10) “The Art of Gathering: How We Meet and Why It Matters” by Priya Parker
“The Art of Gathering: How We Meet and Why It Matters” by Priya Parker is essential reading for hosts of all kinds with actionable advice on how to bring people together with purpose. Parker’s voice reverberates in my mind from the early stages of planning an event to closing a gathering with a strong finish. It’s been a game-changer.
—Romina Boccia is the director of the Grover M. Hermann Center for the Federal Budget at The Heritage Foundation.
11) “Leaders: Myth and Reality” by Stanley McChrystal, Jeff Eggers, and Jason Mangone
“Leaders: Myth and Reality” is an attempt by Gen. Stanley McChrystal, Jeff Eggers, and Jason Mangone to replicate Plutarch’s model of a study of leadership by looking at six pairs of fascinating leaders, drawing lessons from their very idiosyncratic lives, and developing a 21st-century method of addressing the puzzle of what makes a great leader. I can guarantee you have probably not studied all of these people, they are that diverse.
—Steven Bucci is a visiting fellow at The Heritage Foundation’s Allison Center for Foreign Policy Studies.
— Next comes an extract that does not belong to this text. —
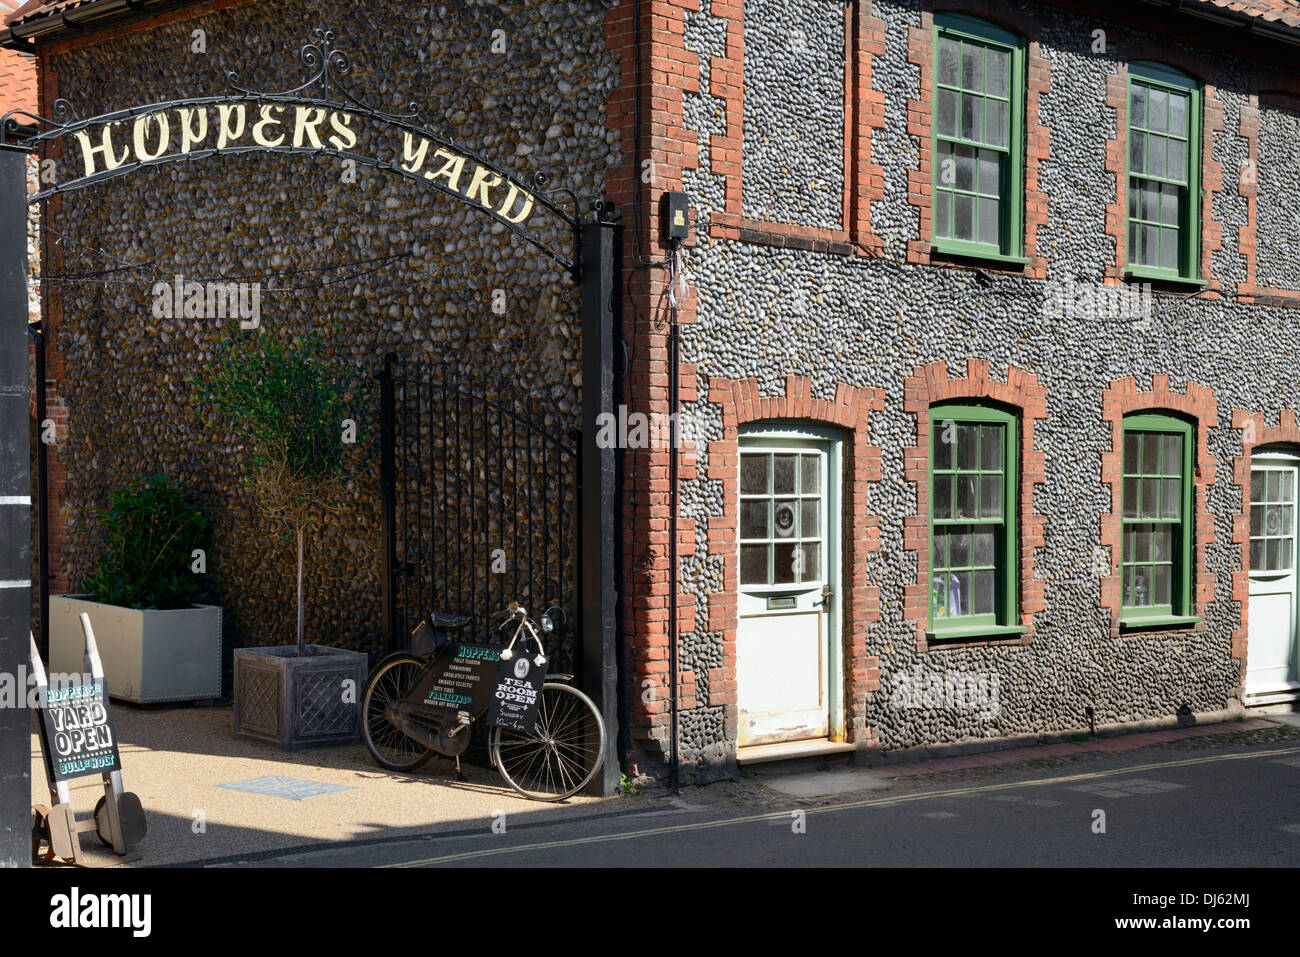 Entrance to Hoppers Yard shops and cafes, Holt, Norfolk, England, United Kingdom, UK, Europe Stock Photo

12) “I Capture the Castle” by Dodie Smith
From the author of “The 101 Dalmatians”—yes, the one that inspired the Disney movies—comes a charming coming-of-age story set in mid-century England in Dodie Smith’s “I Capture the Castle.”
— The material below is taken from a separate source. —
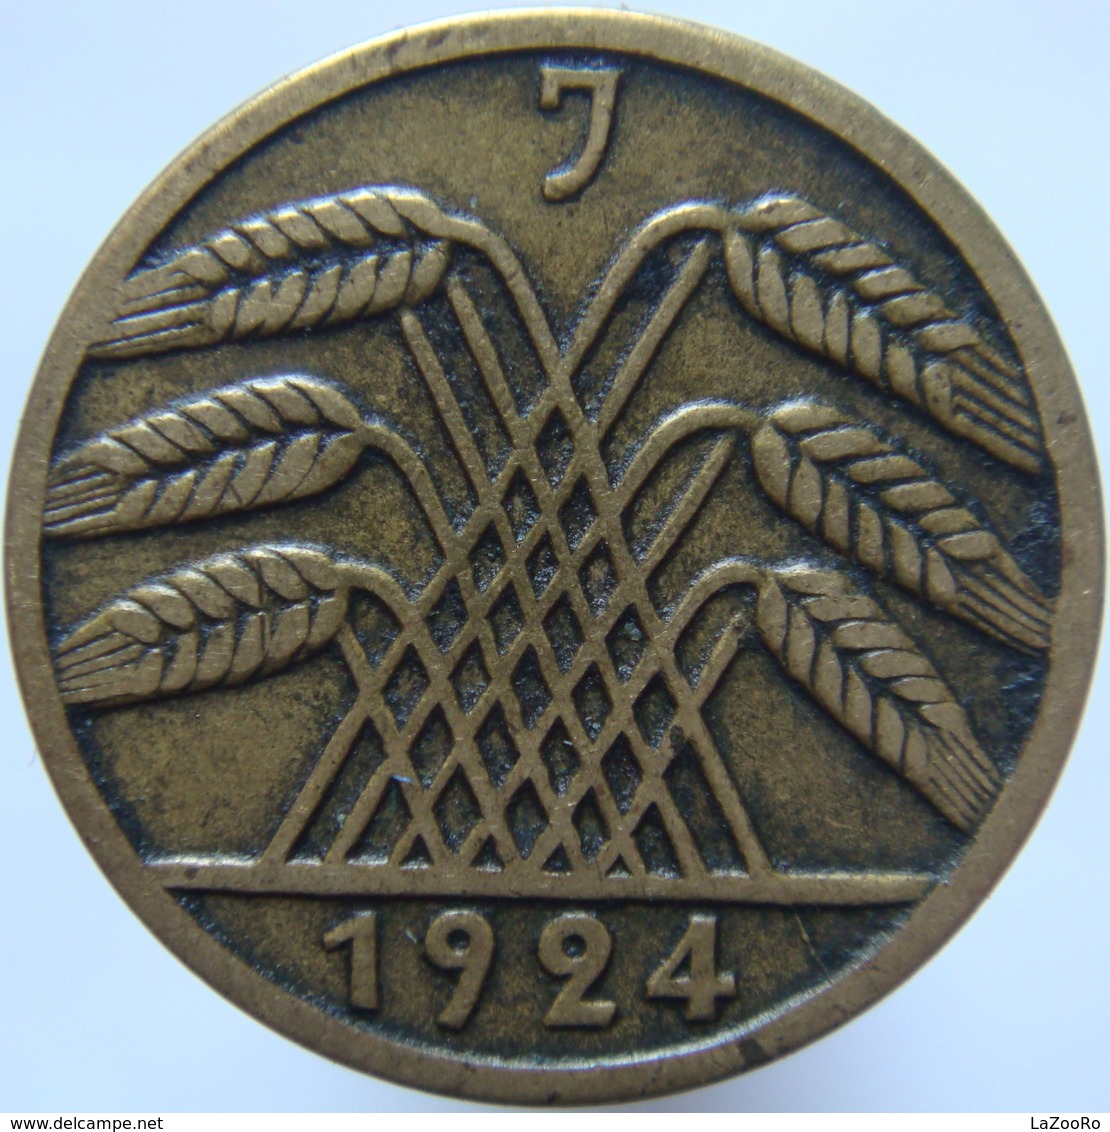 ALLEMAGNE GERMANY   5 reichspfennig  1925  A etat

Seventeen-year-old Cassandra Mortmain is living in decidedly unromantic poverty in a decrepit, old castle because her father, who was once hailed as an up-and-coming literary genius, failed to write a single word since publishing his debut novel. Cassandra chronicles her first lessons in love through a series of journal entries as her older sister, Rose, becomes romantically involved with the eldest of a pair of American brothers, who are now (technically) their landlords.
This classic novel about a girl’s first time in love is written in the most beautiful prose, and I cannot recommend it highly enough.
—Monica Burke is a research assistant in the DeVos Center for Religion and Civil Society at The Heritage Foundation.
13) “Doomsday Book” by Connie Willis
“Doomsday Book” by Connie Willis is already a classic in the science fiction community, but it also deserves recognition as a breathtakingly detailed work of historical fiction. Setting the action amidst the devastation of the medieval Black Plague, Willis spins a story with real heart out of one of the bleakest episodes in human history.
“Doomsday Book” is, at times, a faith-trying rebuke of the medieval church’s handling of a human disaster, but it’s also a powerful affirmation of the role of faith in dark times, whether faith in the divine or in humanity itself. In that sense, the story of time-traveler Kivrin Engle may be more relevant today than when it was released in 1992.
—Adam Brickley serves as a program associate for lectures and seminars at The Heritage Foundation.
14) “The Terminal List: A Thriller” by Jack Carr
Writing a captivating novel, let alone discovering a truly unique plot, in a genre dominated by Tom Clancy, Brad Thor, and Vince Flynn is a tall order. It’s easy for authors to fall back into well-worn staples like an airline hijacking or Ebola outbreak. In a performance that should be the envy of every author, Jack Carr accomplished this elusive feat on his first at-bat, “The Terminal List.”
The book puts the reader within the mind of a persecuted and revenge-bound Navy SEAL, James Reece. He and everyone he loves are being targeted for elimination. When he begins to unravel the plot against him, he has no one left and nothing to lose. All he has is a list of those responsible and the skills of an apex predator. How do you stop a man who will stop at nothing?
—Raz Shafer is the senior assistant to the president for donor relations at The Heritage Foundation.